Sunday, January 31, 2010

Gold And The Amex Gold Bugs Index: A Chart Check

There are those who believe that the Amex Gold Bugs Index chart can be used as a double-check of gold itself. These people tend to hew to the Dow Theory, which uses the Dow Transport Index as a double check of the primary trend as shown by the more-familiar Industrials. Both indices have to show a pattern of higher highs and higher lows before an uptrend is deemed to be valid. If one of the indices (usually the transports) fails to confirm, then the uptrend becomes iffy. More sophisticated users of the Dow Theory use the Utility Average as a further check, believing that the utilities enter a downtrend before the other two indices do. The most venerable practitioner of the Dow Theory today is Richard Russell.

Shifting back to gold and the Gold Bugs Index (HUI), these two Stockcharts.com charts show a disquieting picture. They're, in order, the one-year daily charts for gold and the HUI:




The gold chart at the top looks disquieting in and of itself, and explains why there are so many cautious gold bulls now. The HUI chart looks worse. Gold has reached its late-December low again. The HUI has sunk well below its. Not only that, but the HUI has also sunk below its low made at the beginning of November. There's already a well-established pattern of lower highs and lower lows in the lower chart.

Using a Dow-theory takeoff leads to a doleful conclusion: the downtrending HUI is anticipating a further drop in the gold price itself.

A longer-term perspective using the weekly charts adds to the disquiet.




In late 2007, both charts showed a higher-low and higher-high pattern. Just beforehand, a new short-term low on the HUI was not confirmed by the price of bullion. Starting in February of '08, the downtrend in both started. Both made lower highs in July, and (of course) lower lows followed. After the October crisis, however, gold made a higher low that was confirmed by the HUI: see the early-November lows for both. The HUI made a new '09 high in late May which was not confirmed by gold itself. However, both made higher lows in the July downswing. I note that the HUI made a slighly lower low in the beginning of November, which gold itself did not. Both made higher highs at the end of November, and both made lower highs in early January.
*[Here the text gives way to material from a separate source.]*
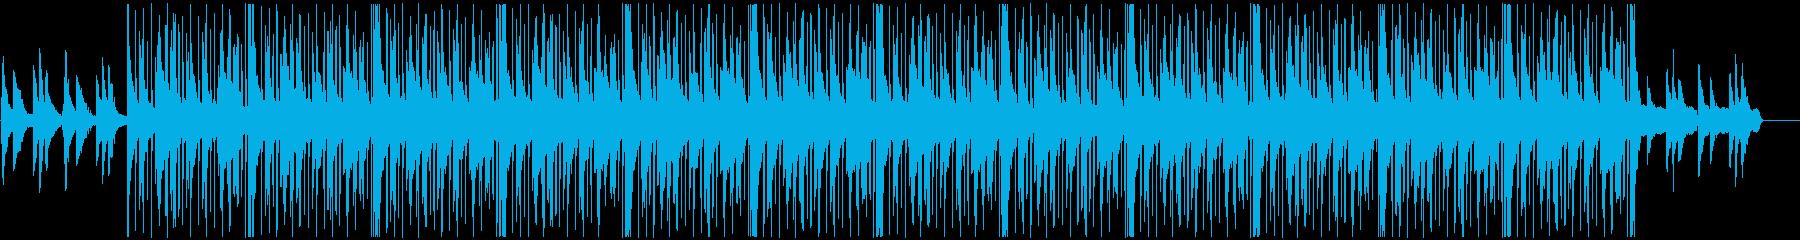 ゆったりと落ち着いた雰囲気のヒップホップの再生済みの波形

This time, however, we already have a longer-term lower low in the HUI. Granted that it has yet to be confirmed by gold itself, but the longer-term perspective adds to the foreboding. As far as the gold market itself is concerned, the only reason for optimism is evident bargain-hunting buying as the price sinks. Needless to say, the strong rally in the U.S. Dollar Index does not give grounds for hope.


Finally, a pair of charts that show the daily and weekly HUI to gold ratios. That value goes up when the HUI is outpacing gold itself, and sinks when gold is outperforming the HUI. Those who believe that the HUI should show leverage with respect to gold would associate a rise in the ratio with a gold upswing, and a fall with a downswing. I should note that this belief doesn't stand up well to the '07 period.





Both charts show a deteriorating ratio of HUI to gold in recent weeks, leading to a low that hasn't been since since July. Some may argue that this downtrend means the HUI is undervalued relative to gold.

That's the trouble, in general, with using charts without having the fundamentals tucked away somewhere. A stock, or investment, that approaches bargain levels usually has a lousy chart pattern. Technical analysts tend to assume that a bargain-priced investment goes nowhere for a time once its bargain status becomes apparent.


Speaking of trouble: I should also point out that the above interpretation, although informative (I hope), doesn't translate all that well to a trading strategy. The very basis for the Dow-Theoryesque approach - overreaction on the upside and downside at the end of trends - clips its performance when used mechanically. Overreactions are followed by snapbacks, which a careful Dow Theorist would avoid because of lack of confirmation. A higher high has to be followed by a higher low in order to establish an uptrend. That requirement takes a real piece out of the performance, as does the opposite requirement of a lower high following a lower low. Because of those chunks, the Dow Theory tends to underperform a simple buy-and-hold strategy.

However, there is an argument for the Dow Theory despite that underperformance: people who use it not only miss out on some of the uptrend, but also miss out on some of the downtrend. During bear markets, they sleep better. When looked at in this light, the tranqilizing effect can be seen as a benefit which is paid for by underperformace. The Wikipedia article on the Dow Theory points out that a recent revisionist study has shown the Dow Theory lowers the volatility along with the return, to the point where its risk-adjusted performance beats buy-and-hold. However, this revisionism is still controversial.

The same criticism does apply to the Dow-Theoryesque schema above, if used mechanically.

Practitioners of the real Dow Theory who've come up with great calls, such as these four, have something extra: a sense of how the stock market acts when it bottoms and the guts (if watery) to apply that sense at bottom time. Call it intuitive bargain-hunting, or an intuitive flair for market turns.